Thermal paste or gel can be a reasonable alternative to thermal pads. Compared to thermal pads, thermal paste offers automation capabilities, lower impedance (in the case of some materials), and the ability to be more consistent on irregular surfaces. The use of thermal paste may need to be considered in the following situations:
Higher Production Demand: If your production demand exceeds 5,000 parts/year, a thermally conductive paste may be a more appropriate choice.
Complex Pattern Designs: If the part design involves complex patterns, thermal paste may be more convenient for automated applications.
Part fragility: If the part is fragile because the solder paste produces low mechanical stress, a thermally conductive paste may be more suitable.

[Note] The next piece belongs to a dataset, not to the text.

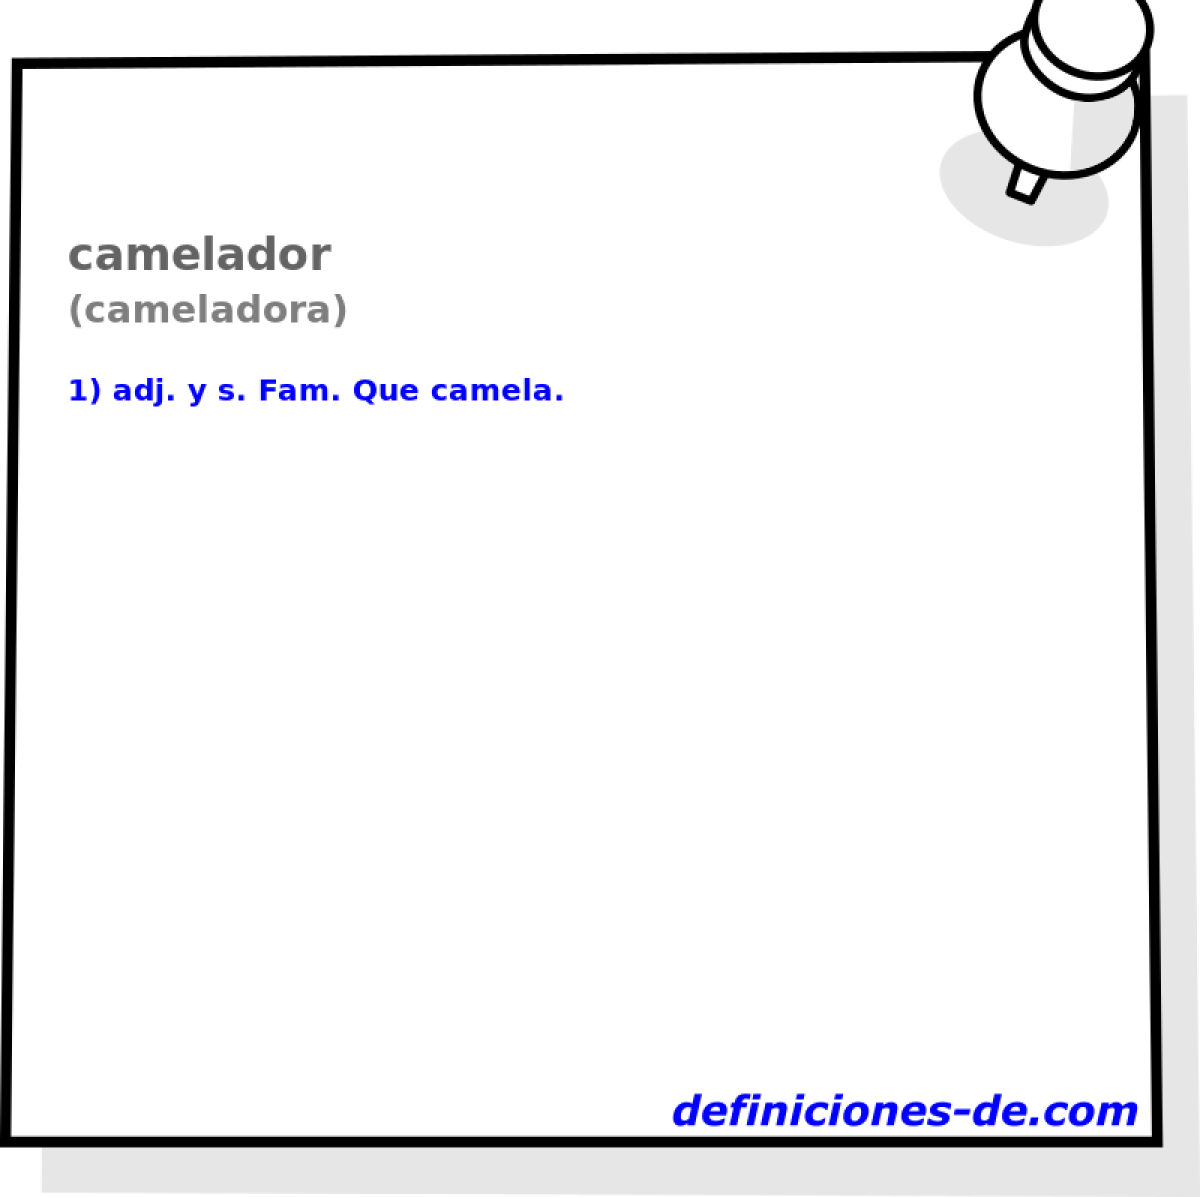 camelador (cameladora)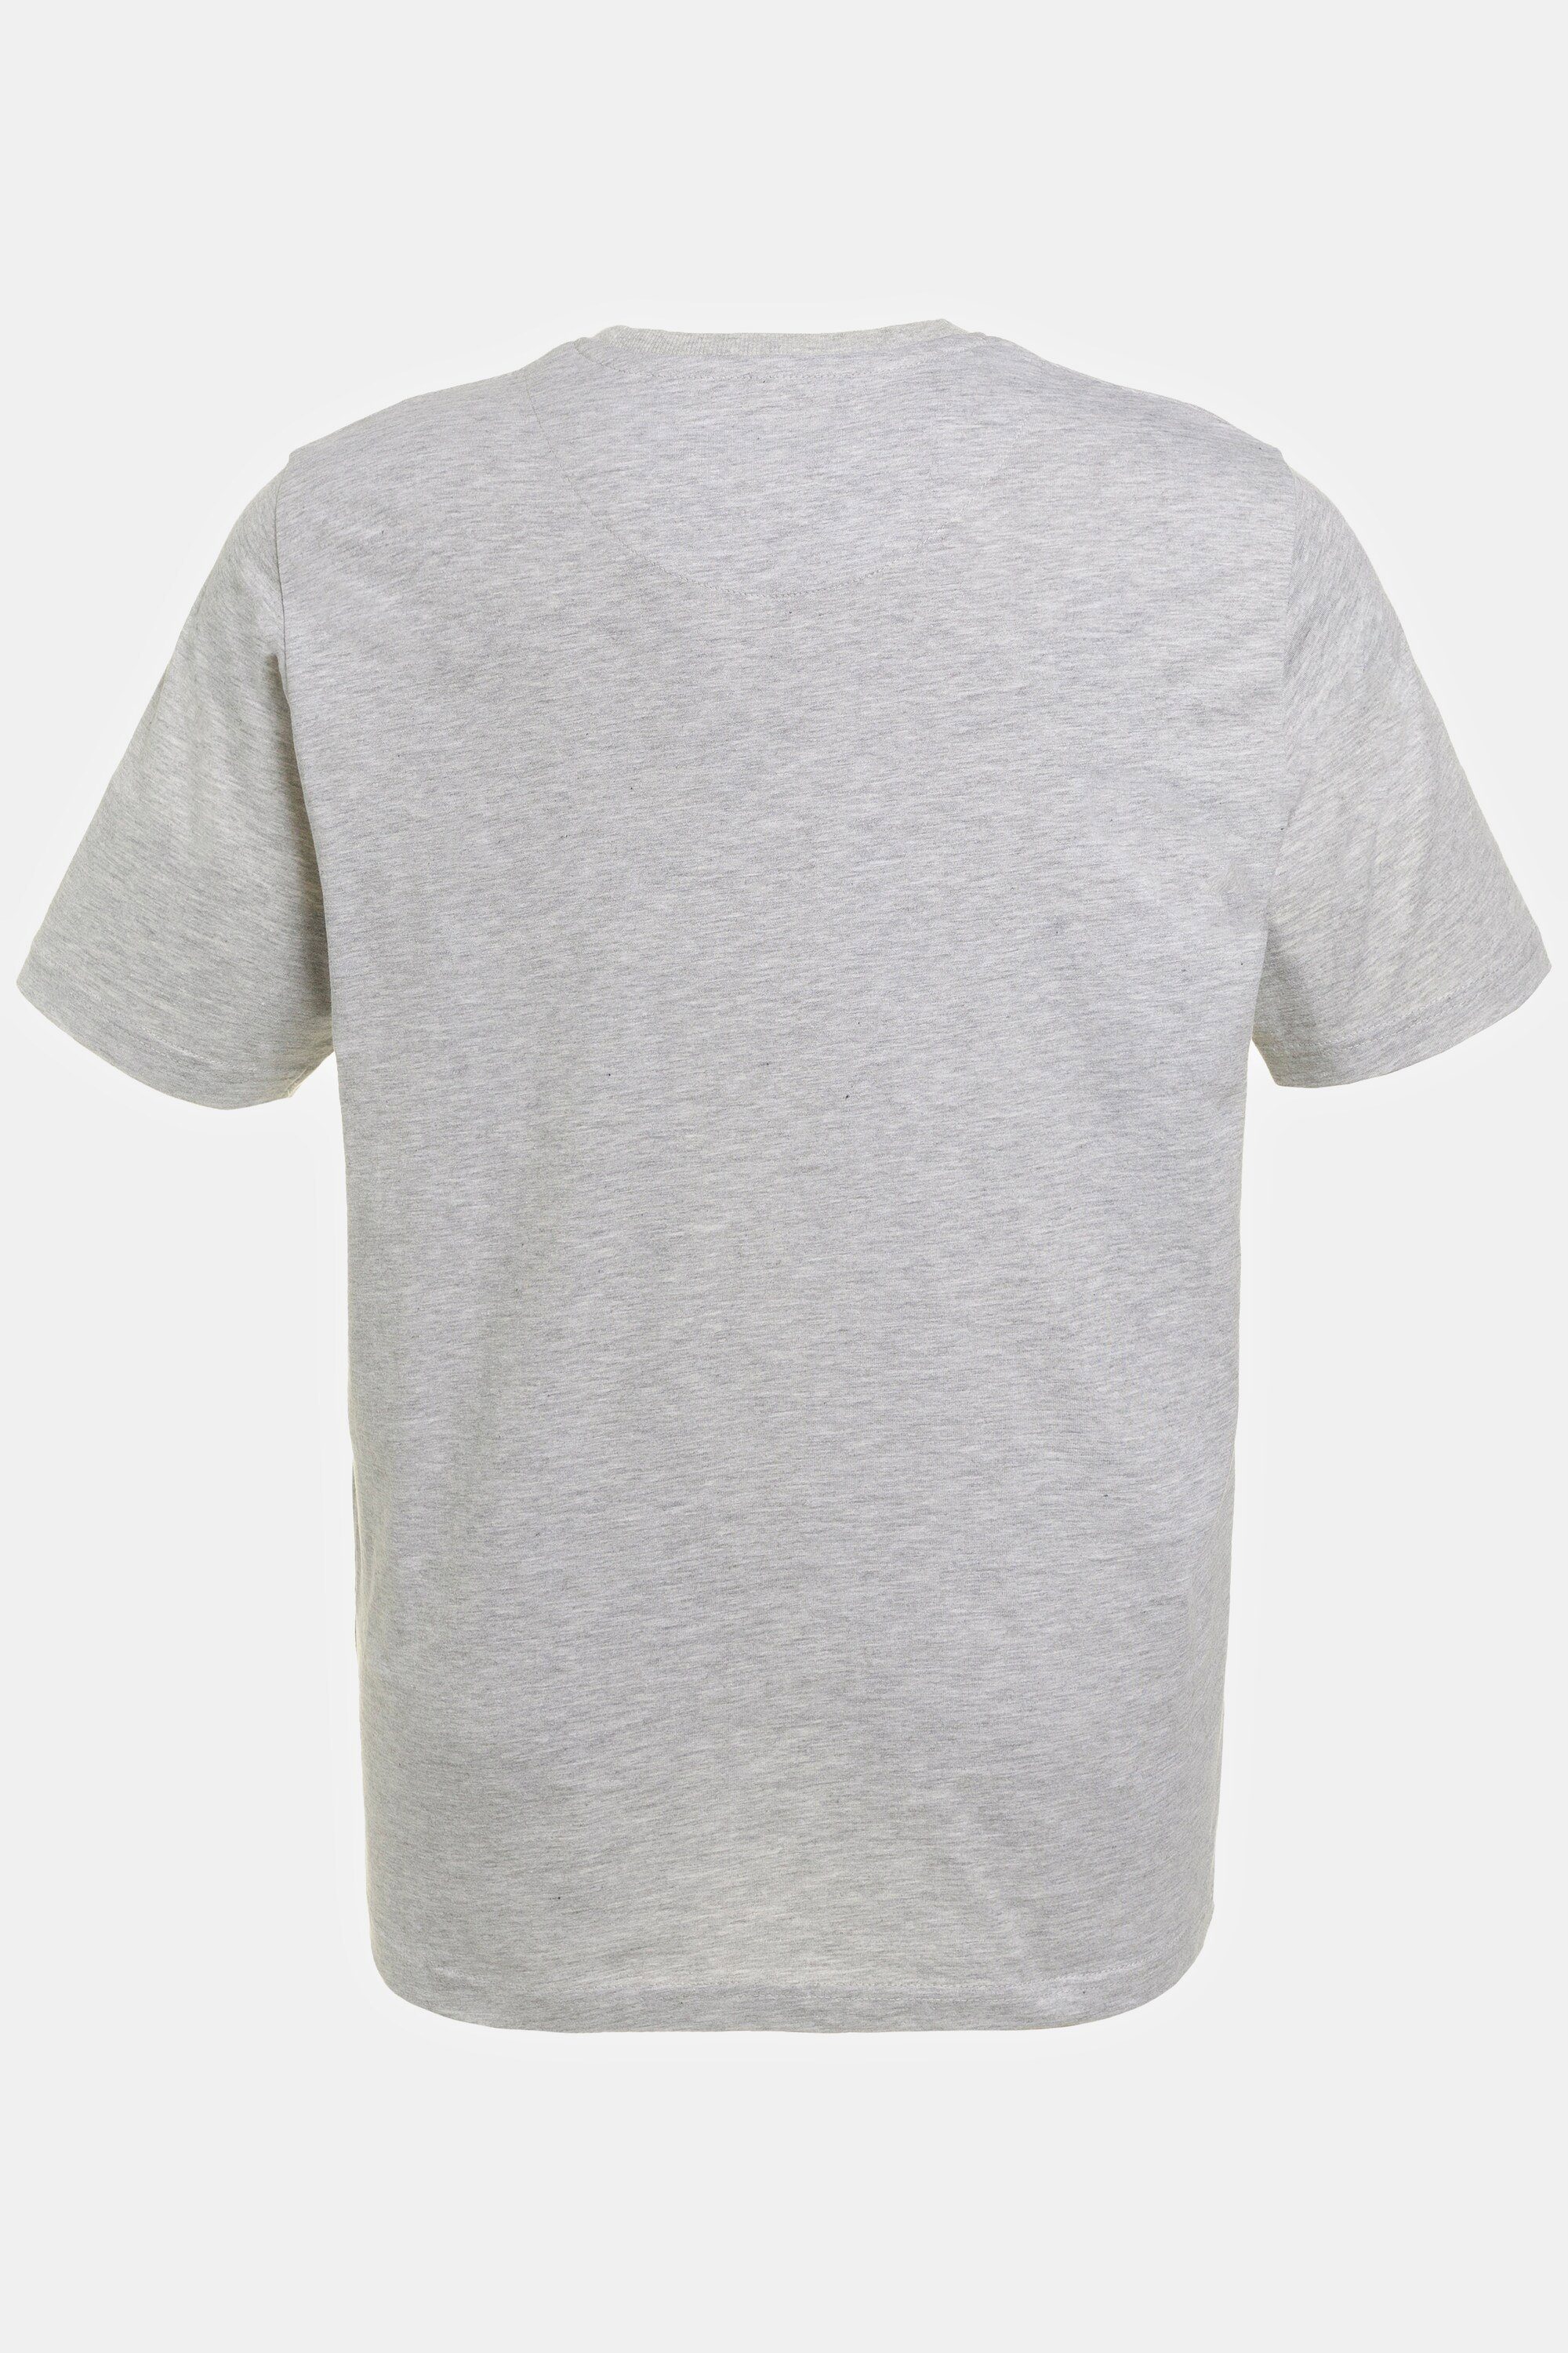 Rundhals Palme JP1880 T-Shirt Halbarm Beachwear T-Shirt

Suppose the intent is to replace a thermal pad with a thermally conductive paste. In that case, some recommended products include Chomerics Therm-a-Gap Gel 75 (high thermal conductivity), Gel 30, or 8010 (used in automotive applications with ultra-low compression).
Are thermal pads better than thermal paste?
The choice between thermal pads and thermal paste is not a clear-cut “better” choice, but rather depends on the specific needs of the application. Thermal pads have historically been used for a wide range of applications and are particularly good at vibration suppression and space filling. Their hand-applied nature makes them potentially more challenging in terms of surface consistency.
In contrast, thermal paste offers automation capabilities, lower impedance, and the ability to provide higher consistency on irregular surfaces. As a result, thermal paste may be more appropriate where production needs are greater, part design is more complex, or part fragility is higher.
Overall, the choice depends on the requirements of the particular application, and the advantages of both thermal pads and thermal paste need to be considered together and the choice made accordingly.